A Romantic Poem From a Hopeless Heart {{28.4.2009}}
A Poem by
I look outside, And what do I see? Two star-crossed lovers Looking right back at me.. Joy is all that fills their eyes They dont yet know the ending. Would they be surprised?
I feel a sense of deja vu. For some reason their thoughts Remind me of me and you. And I gaze out upon the stars, Only to feel, A brush on my neck, wind on my back... Is this real?
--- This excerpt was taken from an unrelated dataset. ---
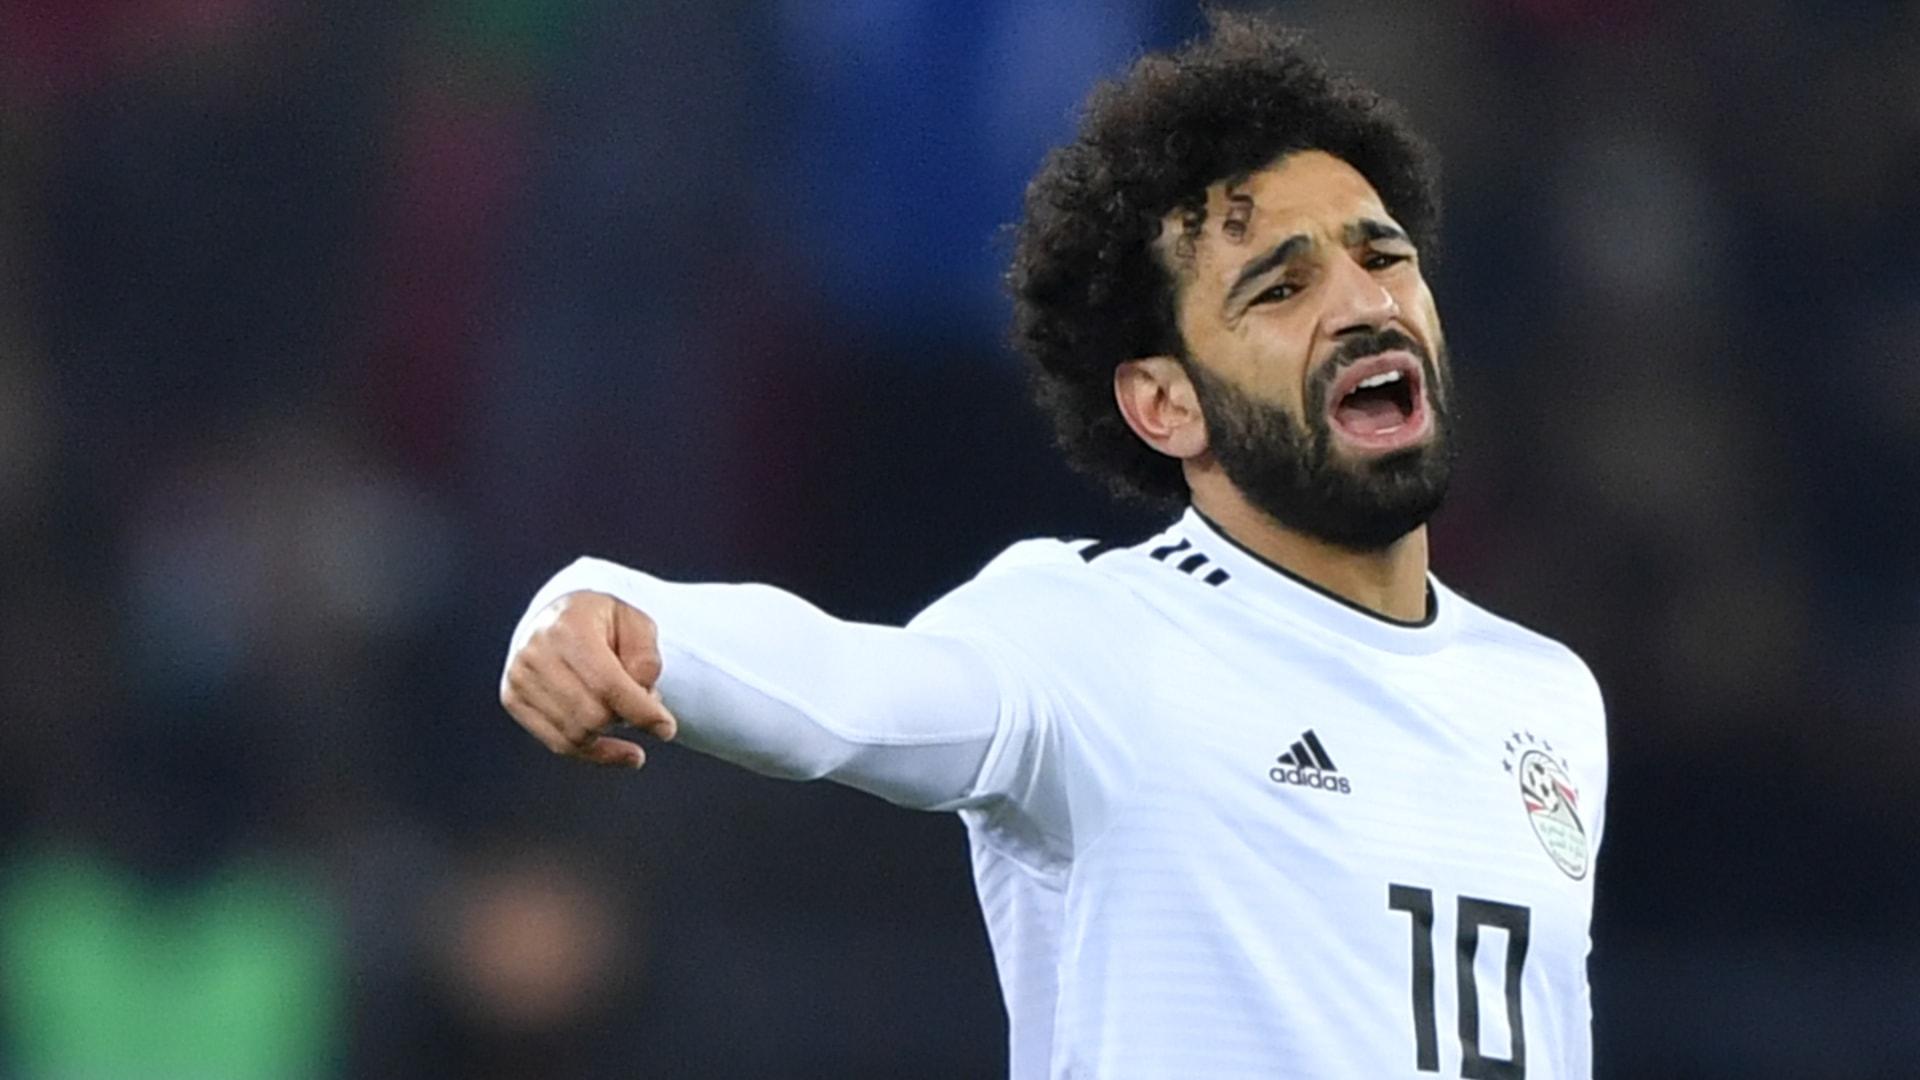 مدير المنتخب المصري يكشف حقيقة استبعاد محمد صلاح من كأس العالم

I thought I was alone, Looking through the glass, But I realize I'm with you. I wish this meeting would forever last. Tonight I feel as though something has changed. I look into your intricate, beautiful eyes, And I see the love deep inside is still the same.
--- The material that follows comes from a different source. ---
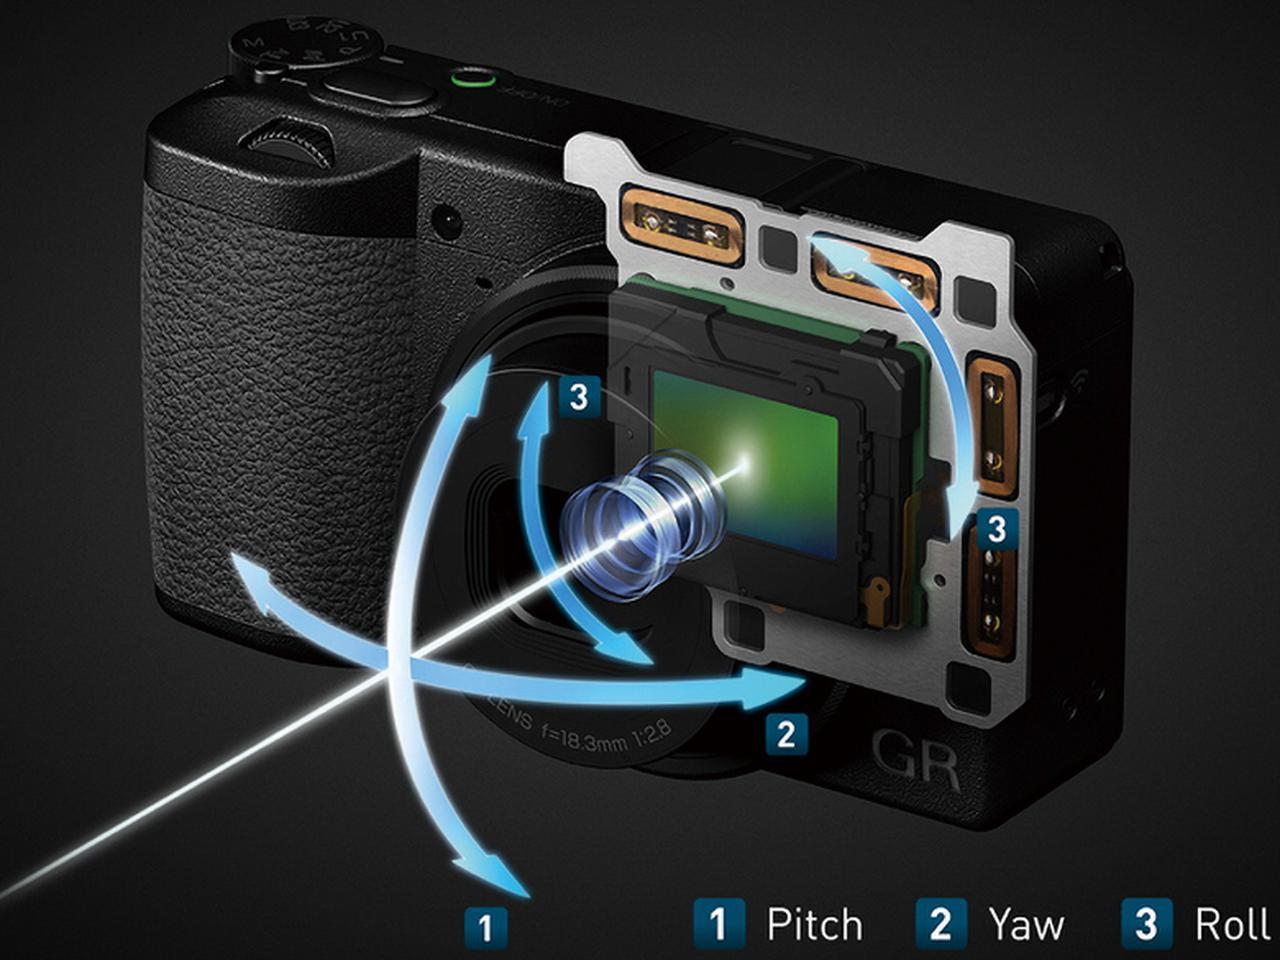 画像3: 【最新コンデジ2019】リコー「GRⅢ」のココがスゴイ!高解像度レンズとしっくり感はさすが

I sigh in euphoria, relief. I hadn't really seen you in so long, I was begining to become numb with grief. Not as if someone left. But as if someone died. You had commited the greatest thefts; When you were leaving, You took my heart, my true eyes...
Now we both look through the glass, Hand in hand, hip to hip, And the image I saw behind it Was the same, down to my trembling lip. I was wrong to think it wasn't real But how could I have known, If I couldn't even feel?
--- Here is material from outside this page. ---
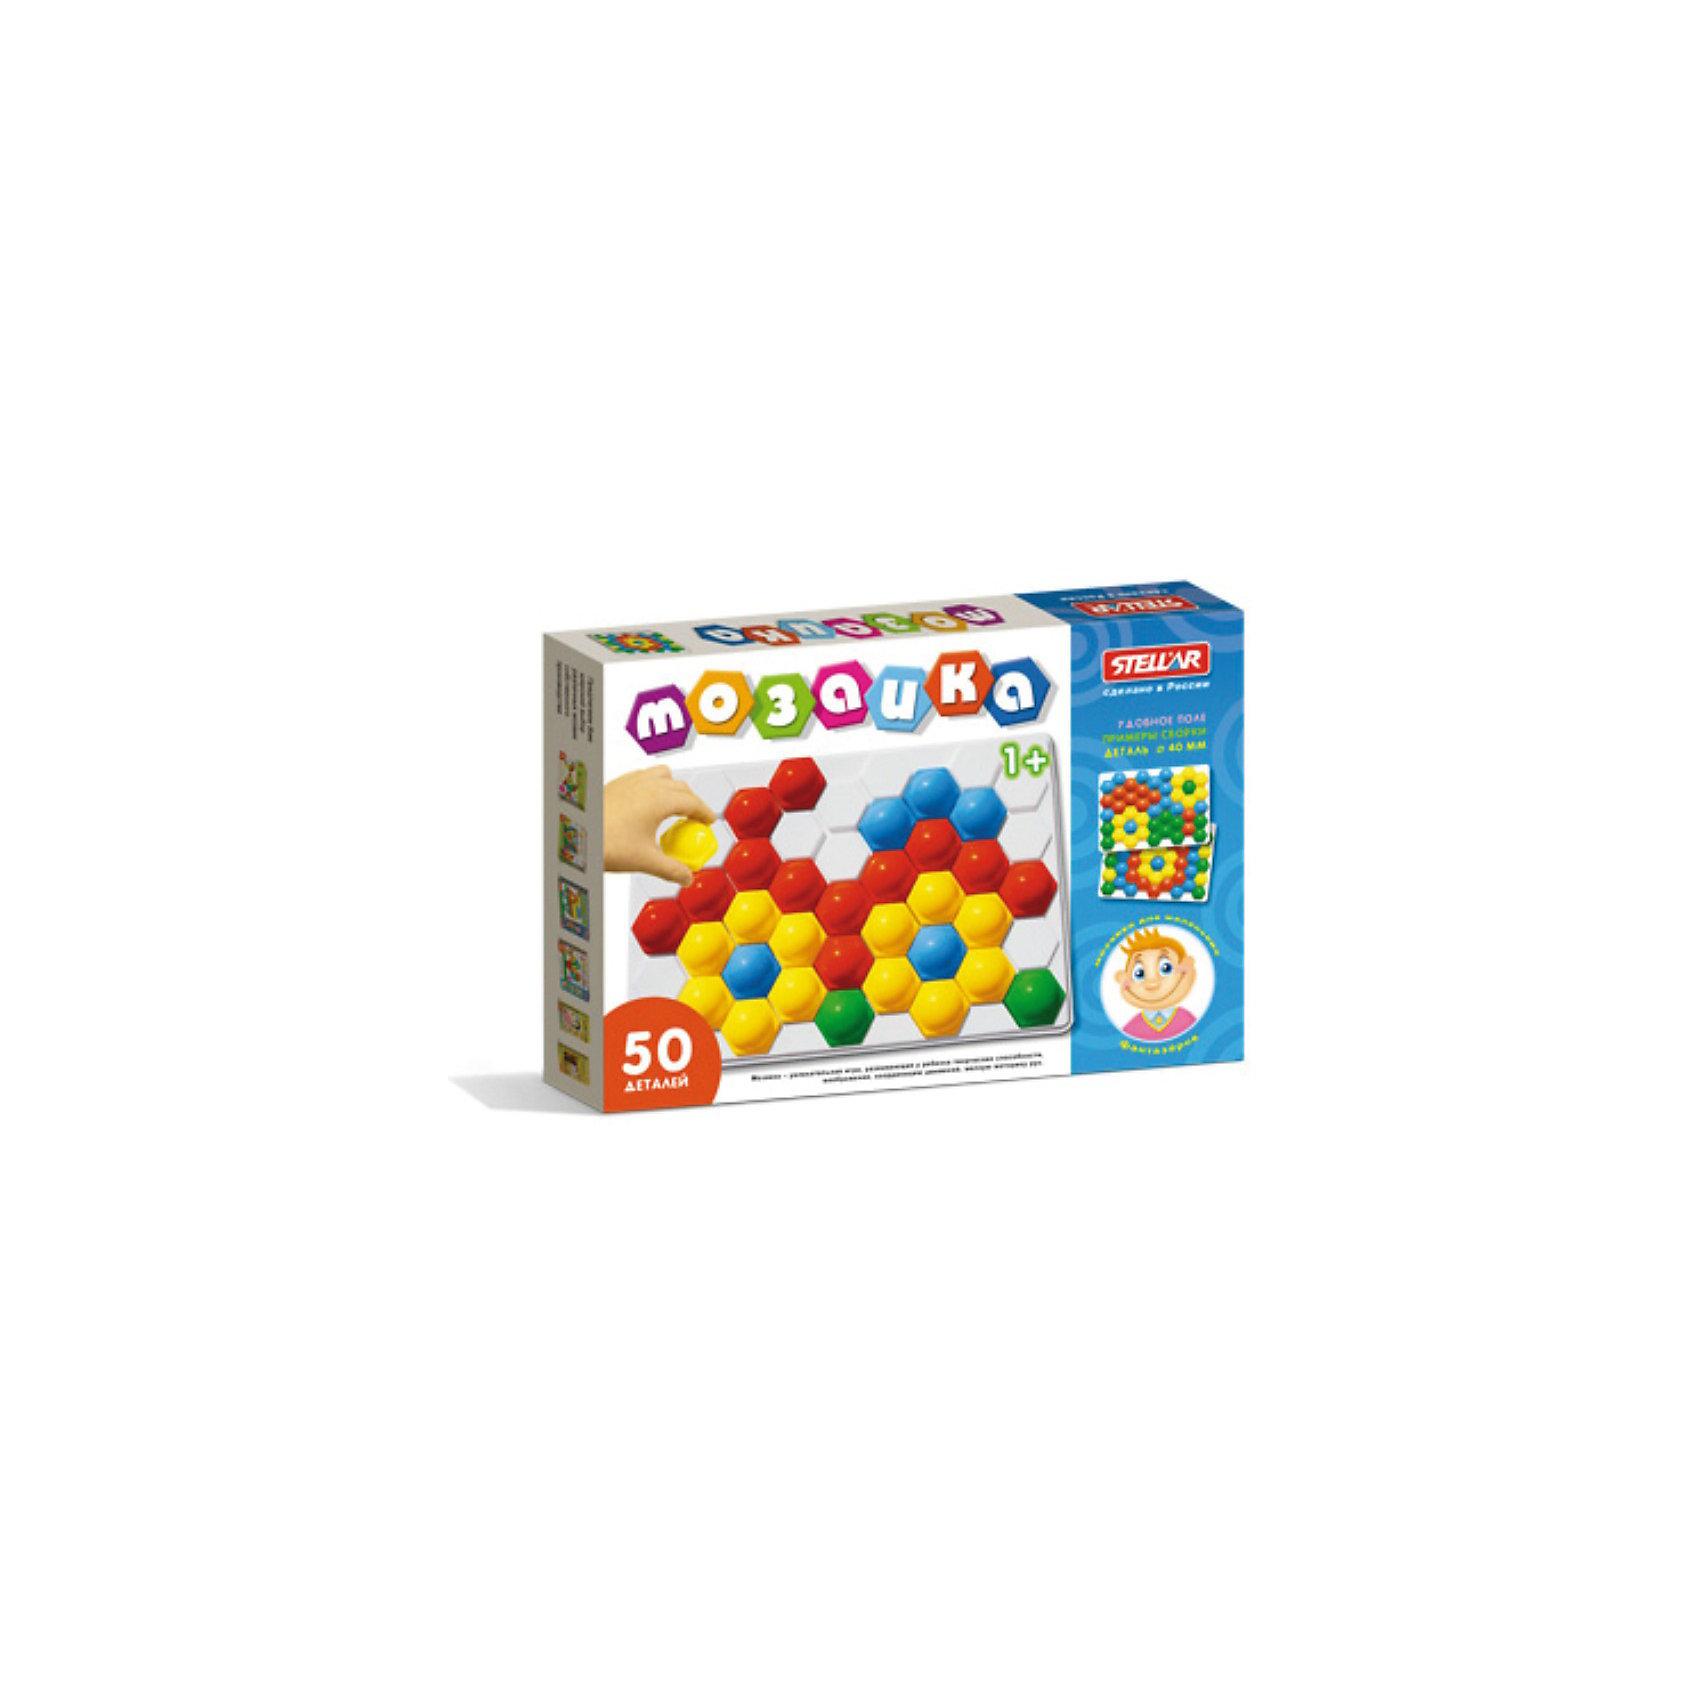 Мозаика, 50 элементов, СтелларМозаика Стеллар из  50 элементов с крупными, выпуклыми деталями в виде шестигранников – это увлекательная развивающая игра для малышей. Накладывая их на выпуклые ячейки поля, ребенок сможет выложить любой рисунок. Рисунки, представленные на упаковке, являются только примером, так как универсальная мозаика раскрывает перед ребенком неограниченные возможности моделирования и создания множества своих собственных рисунков, от простейших геометрических фигур и разноцветного орнамента, до сложных рисунков животных, цветов и всего, что только подскажет фантазия. <br>Мозаика это не только увлекательная, но и развивающая игра. Во время занятий с мозаикой, ребенок научится комбинировать цвета, получит представление о геометрических фигурах, простейшем счете. Мозаика развивает мелкую моторику рук, координацию движений, творческие способности, логическое мышление и воображение, усидчивость и трудолюбие. Все детали мозаики выполнены из качественных материалов и совершенно безвредны для детей.<br><br>Дополнительная информация:<br><br>- Материал: полипропилен<br>- В наборе: 50 деталей, поле<br>- Цвета мозаики: зеленый, желтый, красный, синий, белый<br>- Размер фишки: 40 х 45 х 22 мм.<br>- Размер поля: 240 х 350 мм.<br>- Размер коробки: 40 х 240 х 350 мм.<br>- Вес: 260 гр.<br><br>Мозаику, 50 элементов, Стеллар можно купить в нашем интернет-магазине.<br><br>Ширина мм: 40<br>Глубина мм: 350<br>Высота мм: 240<br>Вес г: 260<br>Возраст от месяцев: 12<br>Возраст до месяцев: 72<br>Пол: Унисекс<br>Возраст: Детский<br>SKU: 3726292

I continue to peer Into this glass, I now know is a mirror. Seeing you look down only at me, And smile. I can't believe the the love shown, By those beautiful teeth.
You turn my chin to the side, So I'm looking up at you. You gaze into my own eyes, And I know your feelings are true. You slowly lean down To press your lips to my own. And what interrupts us, But a voice of my own...
I had been thinking, "Why now?" And I'd been thinking it for a while. I had no idea I had said it out loud, 'Til you simply answered "It's perfect now." And I knew that was right... You bent back down slowly, And we kissed, leaving me breathless for the night.
The first kiss in so long, It felt like the first kiss we had shared. Though I still remembered that one. And as the wind ruffled my hair, I looked back at the mirror Only to see That he had left again, leaving only me...
I felt nothing, for the second time over him Not emptiness, not pain, nor fear. I couldn't feel happiness, not just then. But I knew I would, even if only in the end. I didn't think I would have even those last few moments. Didnt think I deserved them. But I guess he thought I did, and gave them to me.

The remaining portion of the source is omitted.